When starting out in road cycling there is a lot to think about and get your head around. Even for the more impulsive out there - you may start by rushing to buy your new bike and other gear without much thought, but before long you'll be planning routes (you don't have time to ride), researching the latest gadgets or upgrades (you don't have the money to buy), or pouring over your performance data (you don't really understand) to see how you're fitness is progressing.

With the benefit of 20 / 20 hindsight there's one crucial thing I'm able to share that 'they' don't tell you about when you're starting out as a road cyclist, and that's how to manage your partner’s expectations when you become a weekend road warrior.

Your partner, who should now lovingly be referred to as your ‘cycling widow’ (a phrase applicable whether your partner identifies as male, female, gender fluid, non-binary, or a Smurf etc.), may not like your new hobby as much as you do.
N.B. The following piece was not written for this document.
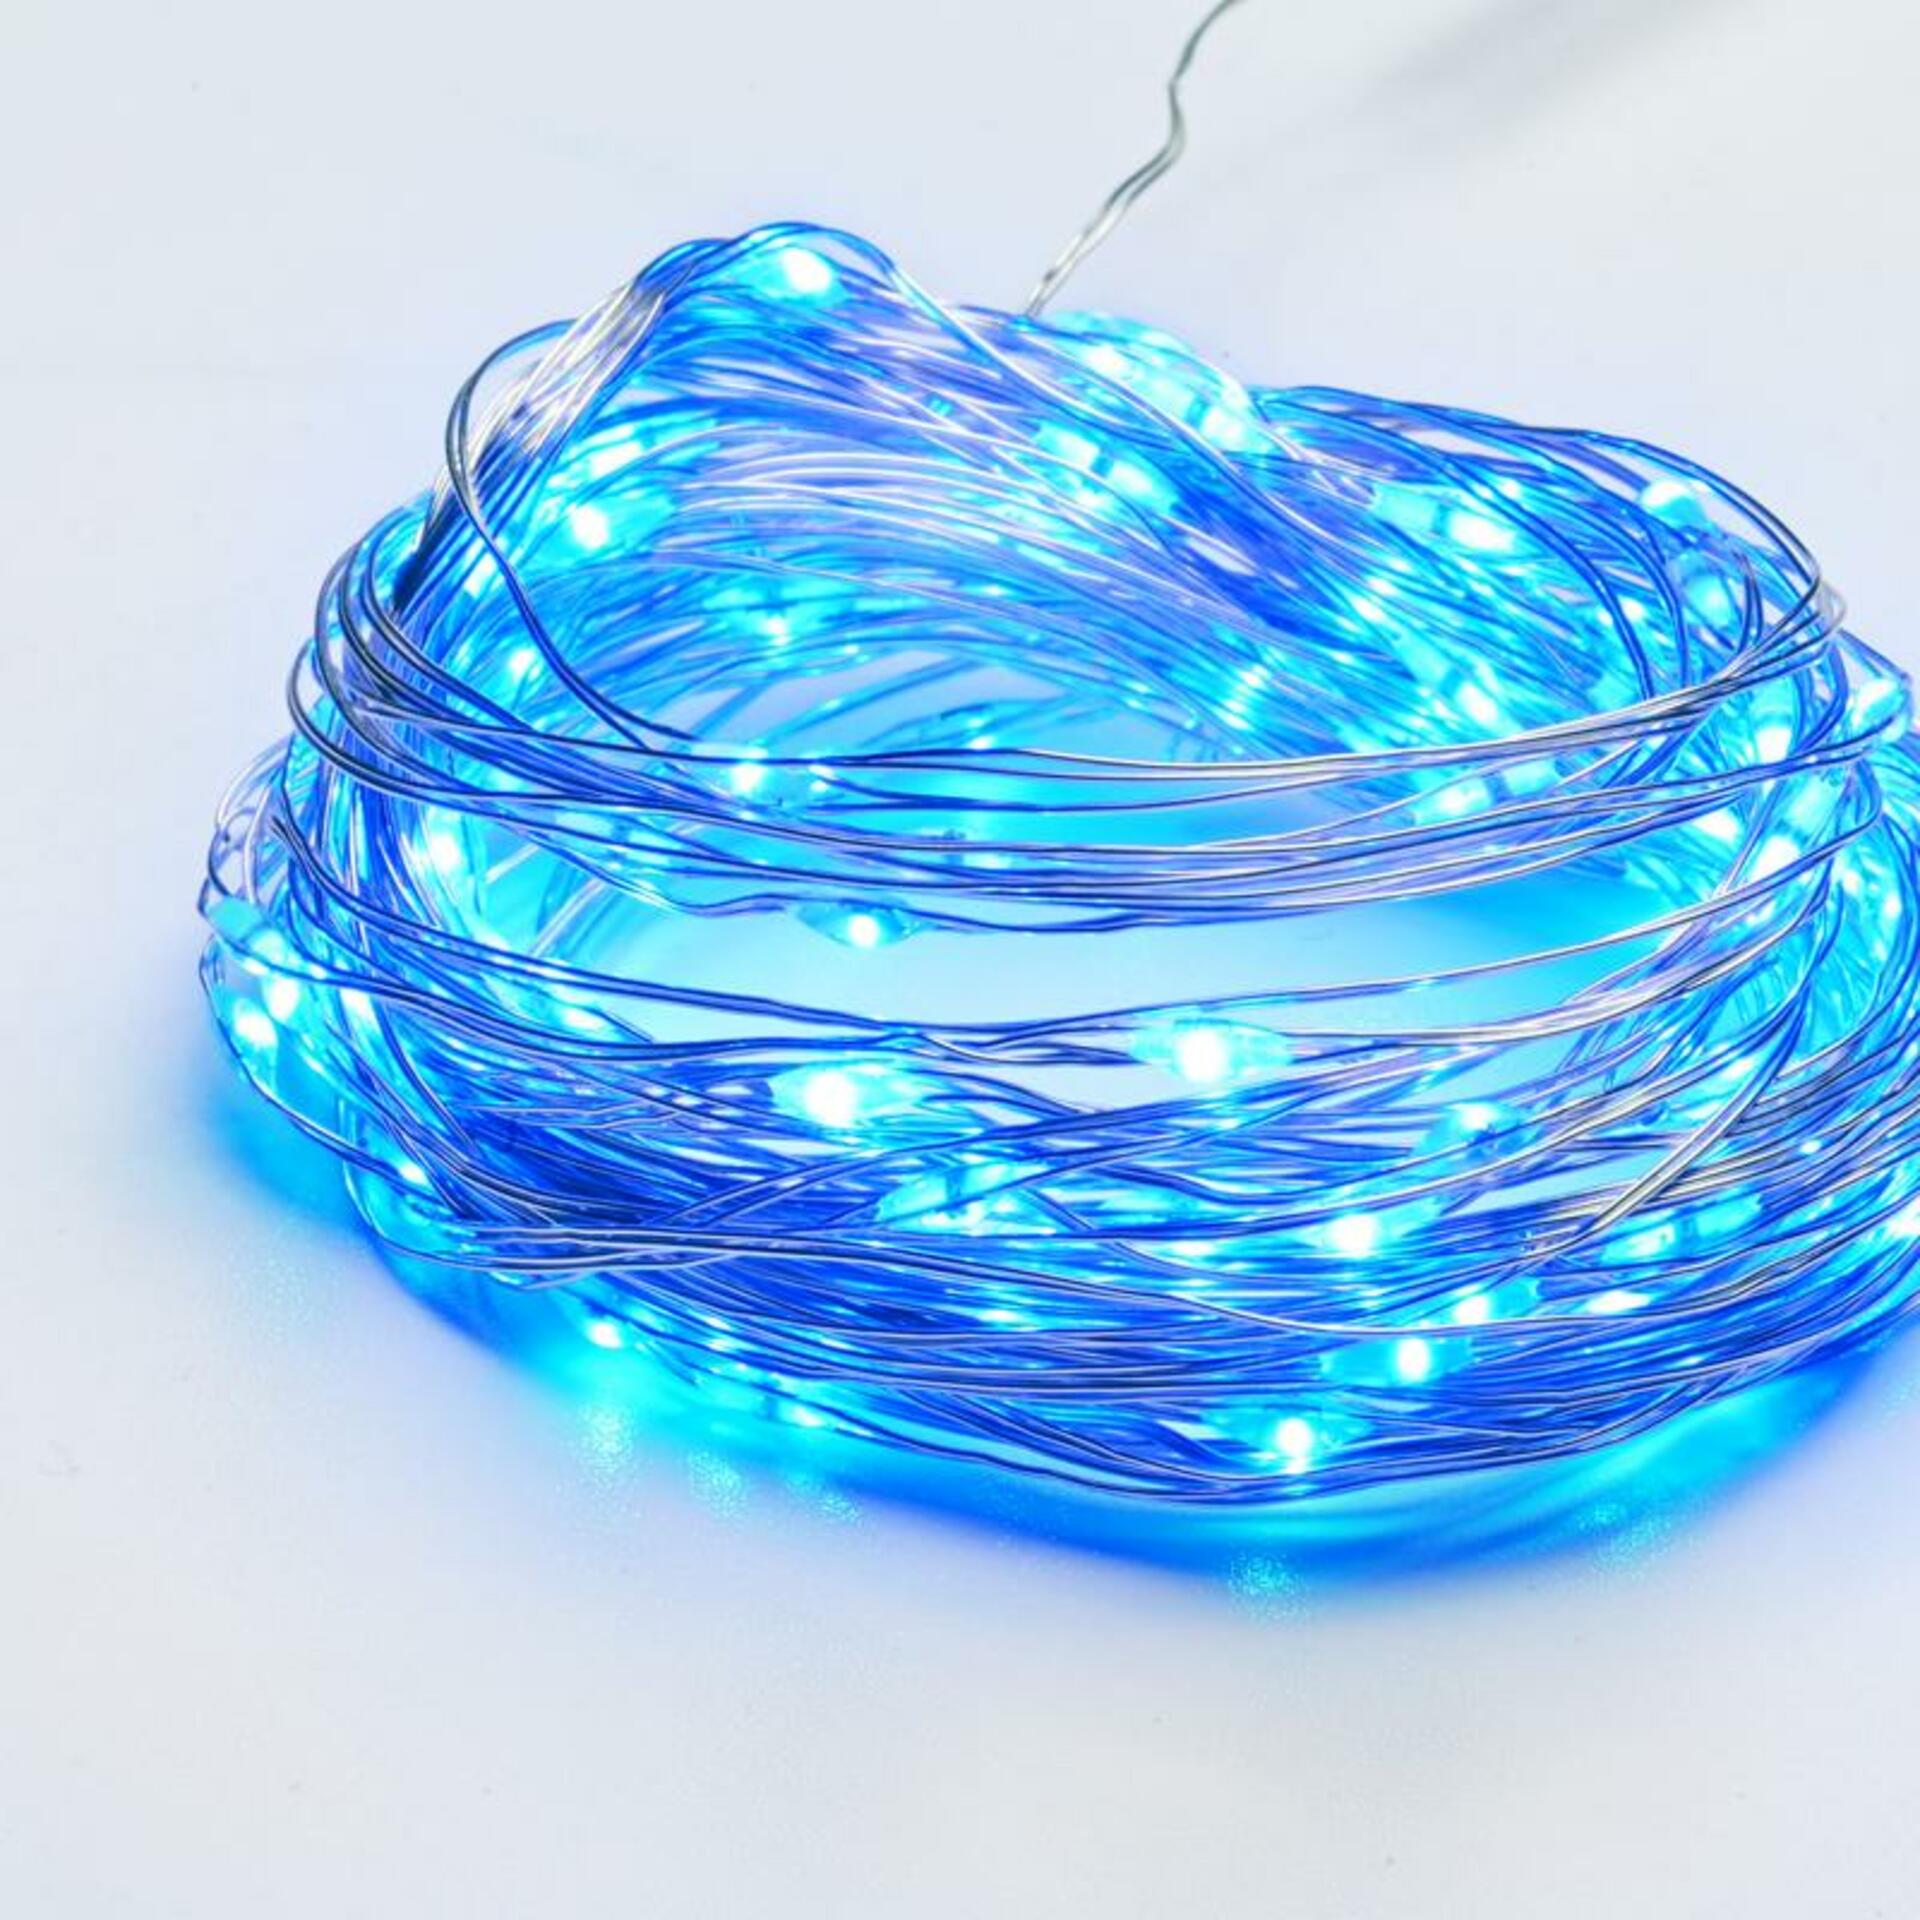 ACA Lighting 100 LED dekorační řetěz, modrá, stříbrný měďený kabel, 220-240V + 8 funkcí, IP44, 10m+3m, 600mA X01100612

It can be fairly expensive - relative to any budget; it can take you away from home for hours /days on end, and it becomes very tiresome for the cycling widow when your new toy is treated with as much love and care as a new-born child.

Once, when we were having work done on the house, I had to find temporary storage for my bike. Of course, the bedroom seemed like the obvious choice. And if that didn’t annoy Mrs. P enough, then me asking if she’d mind sleeping on the floor so that I could spoon with my beloved machine went down like a cold cup of sick. Let’s say my bike nearly became a very expensive scarf as my wife tried to throttle me with it.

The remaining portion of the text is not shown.